Only one span is wanted from the lines below: from the one with "Fibreglass swimming pools" up to and including the one with "Raf Simons - Slim-Fit". Copy it exactly, without images.
-------- Records --------
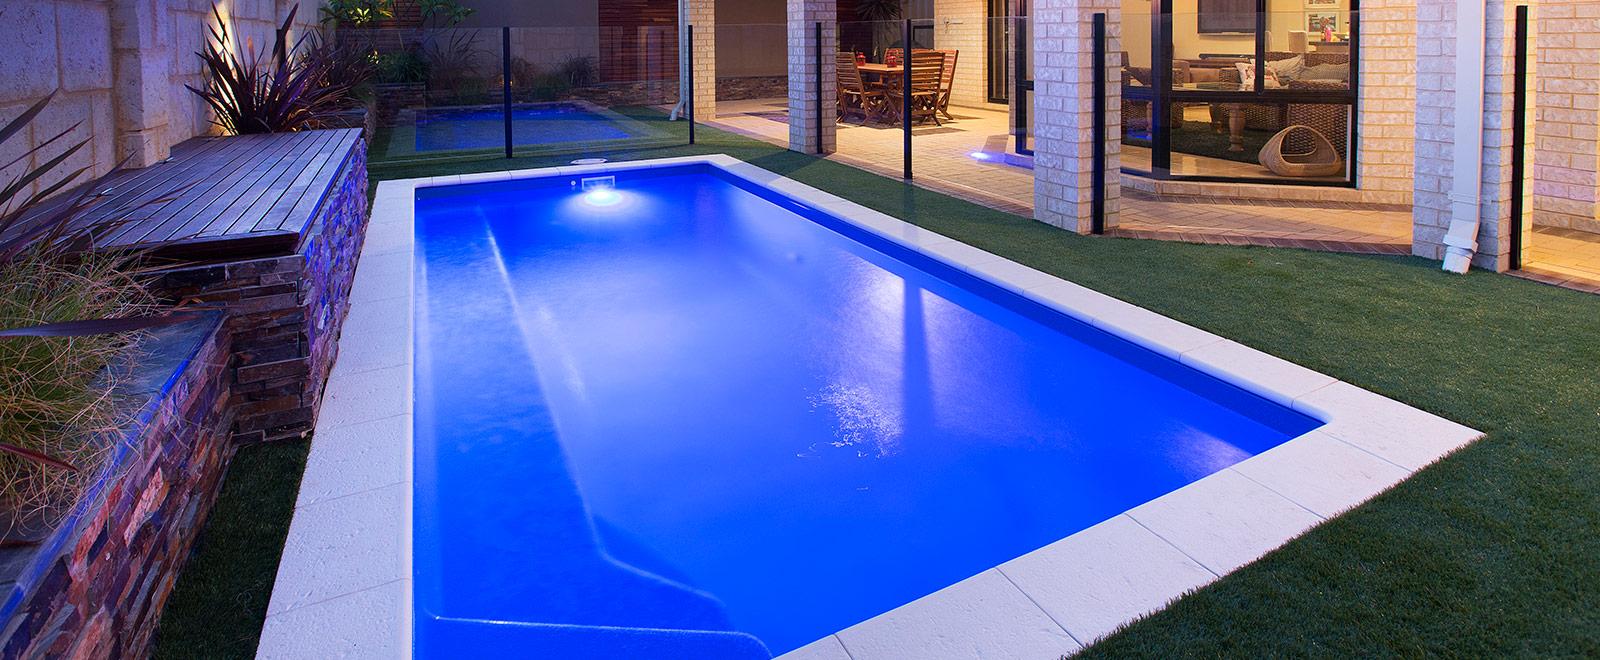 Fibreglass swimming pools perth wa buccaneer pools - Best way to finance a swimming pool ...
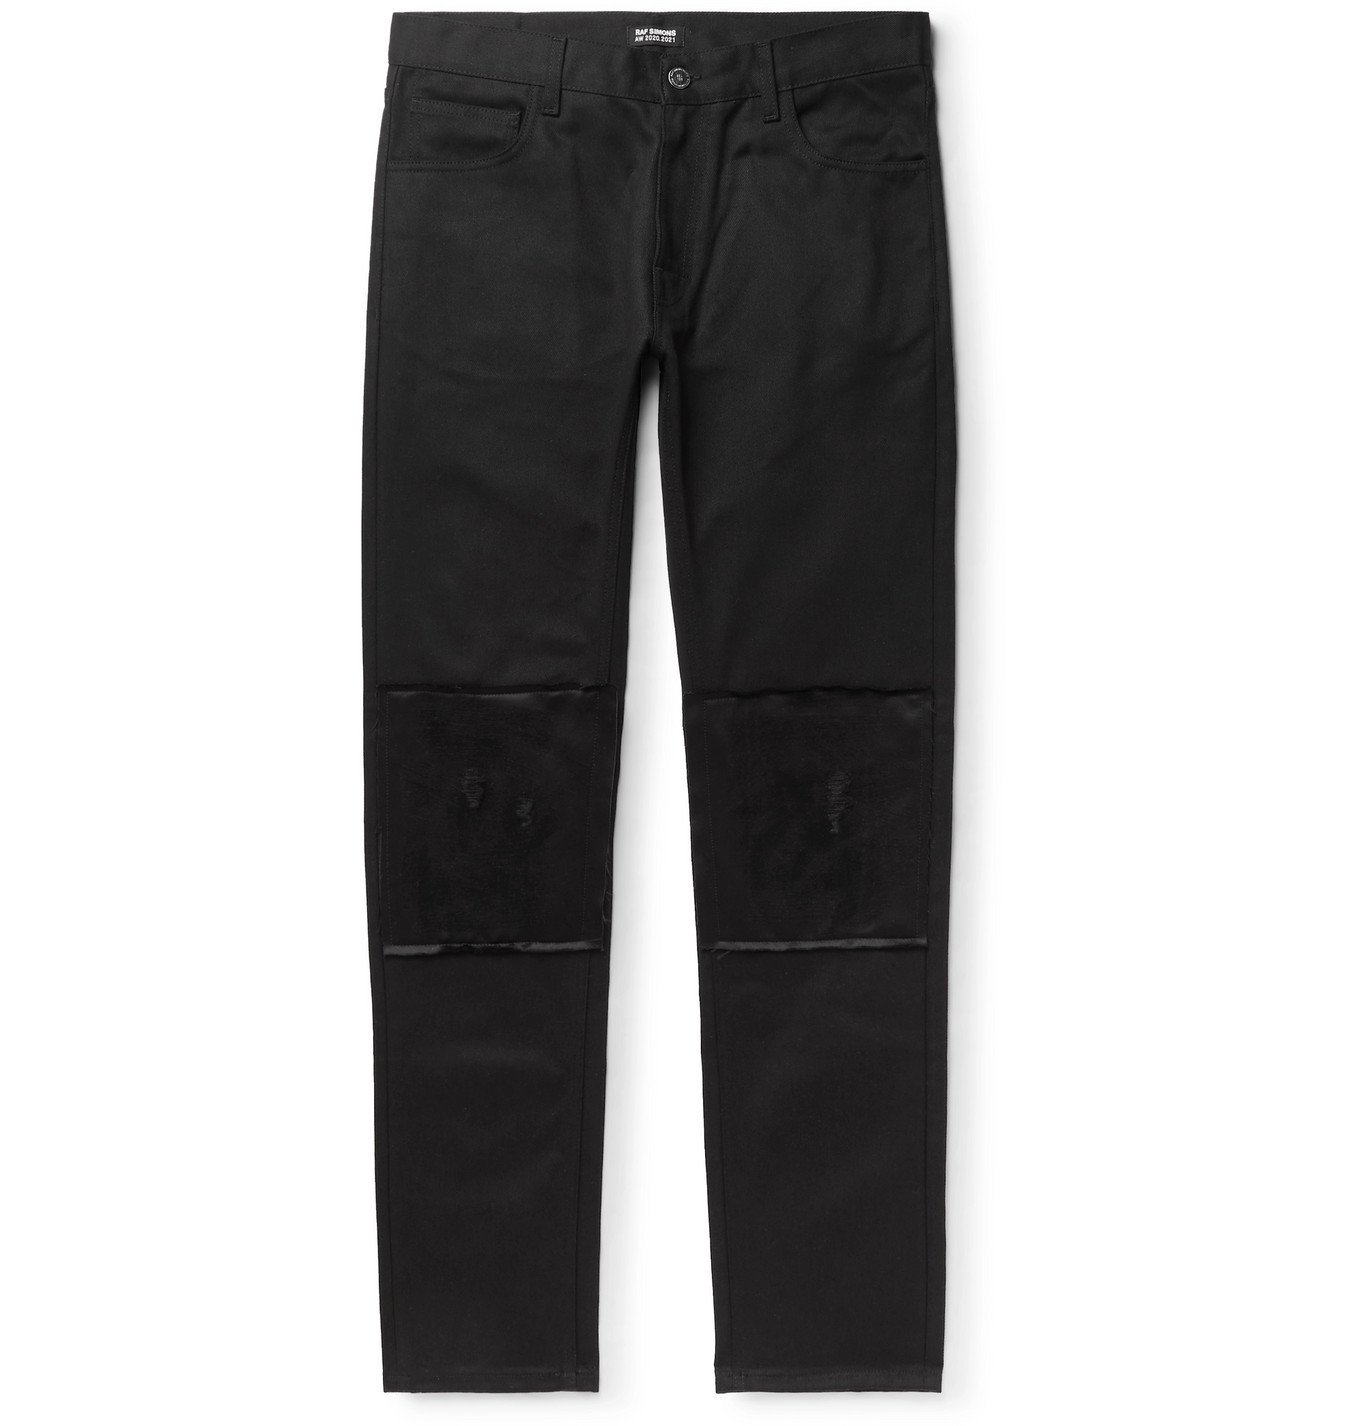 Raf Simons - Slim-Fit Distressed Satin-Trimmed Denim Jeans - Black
--------
-------- Records --------
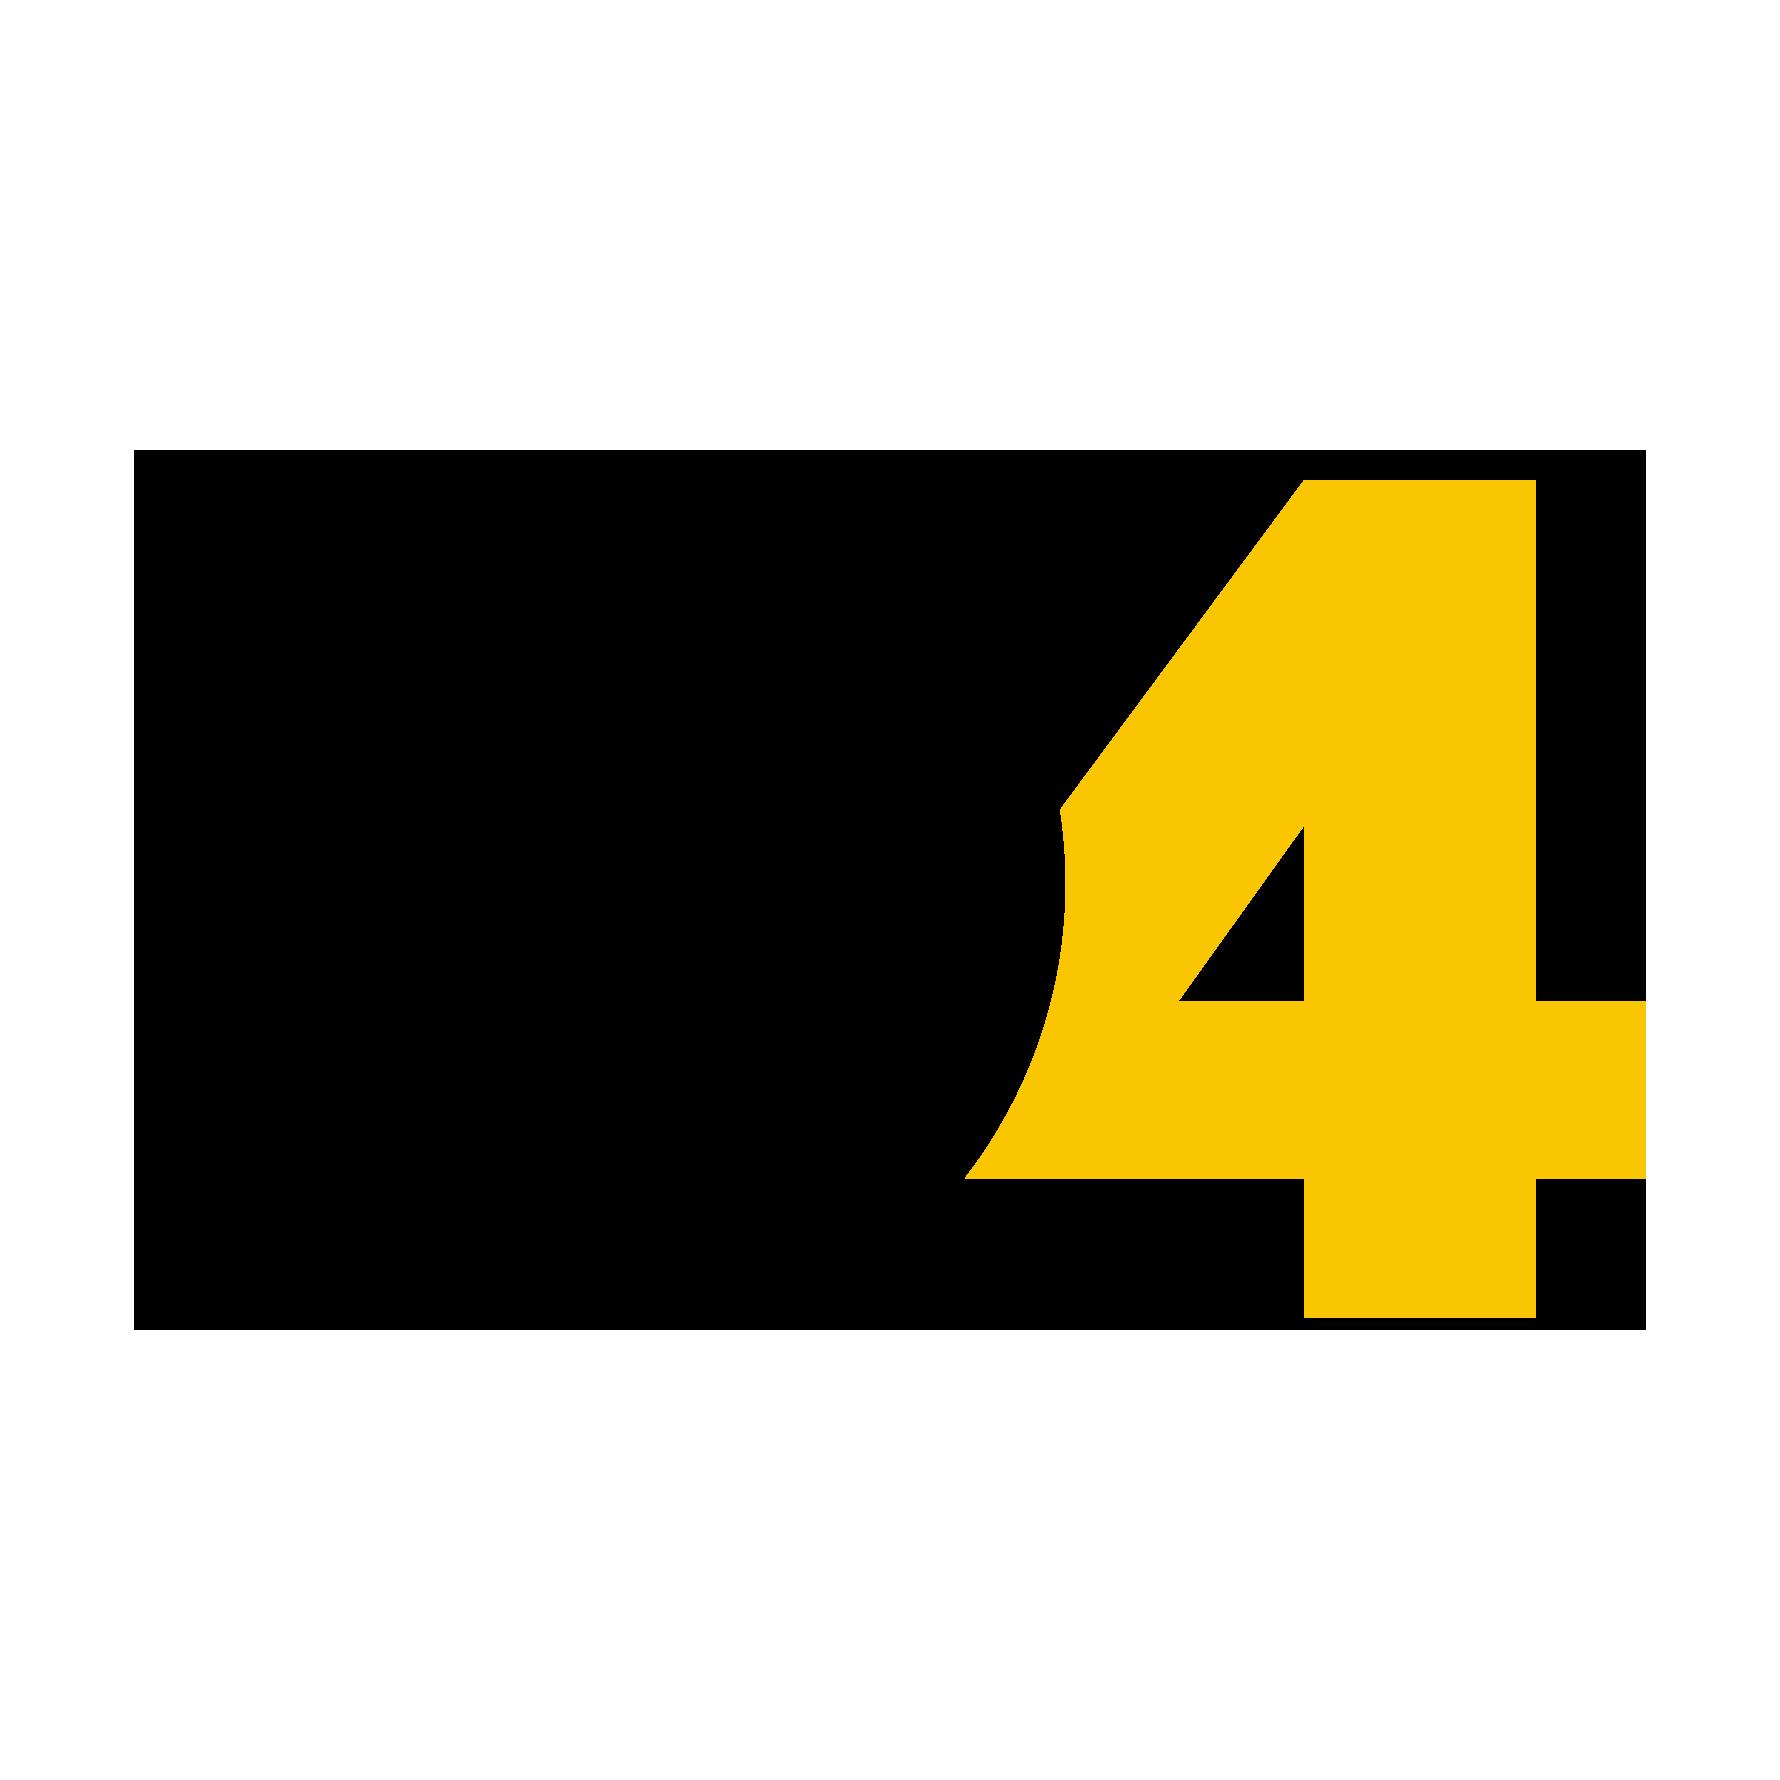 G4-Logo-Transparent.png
--------
- Answer section
 Fibreglass swimming pools perth wa buccaneer pools - Best way to finance a swimming pool ...
 Raf Simons - Slim-Fit Distressed Satin-Trimmed Denim Jeans - Black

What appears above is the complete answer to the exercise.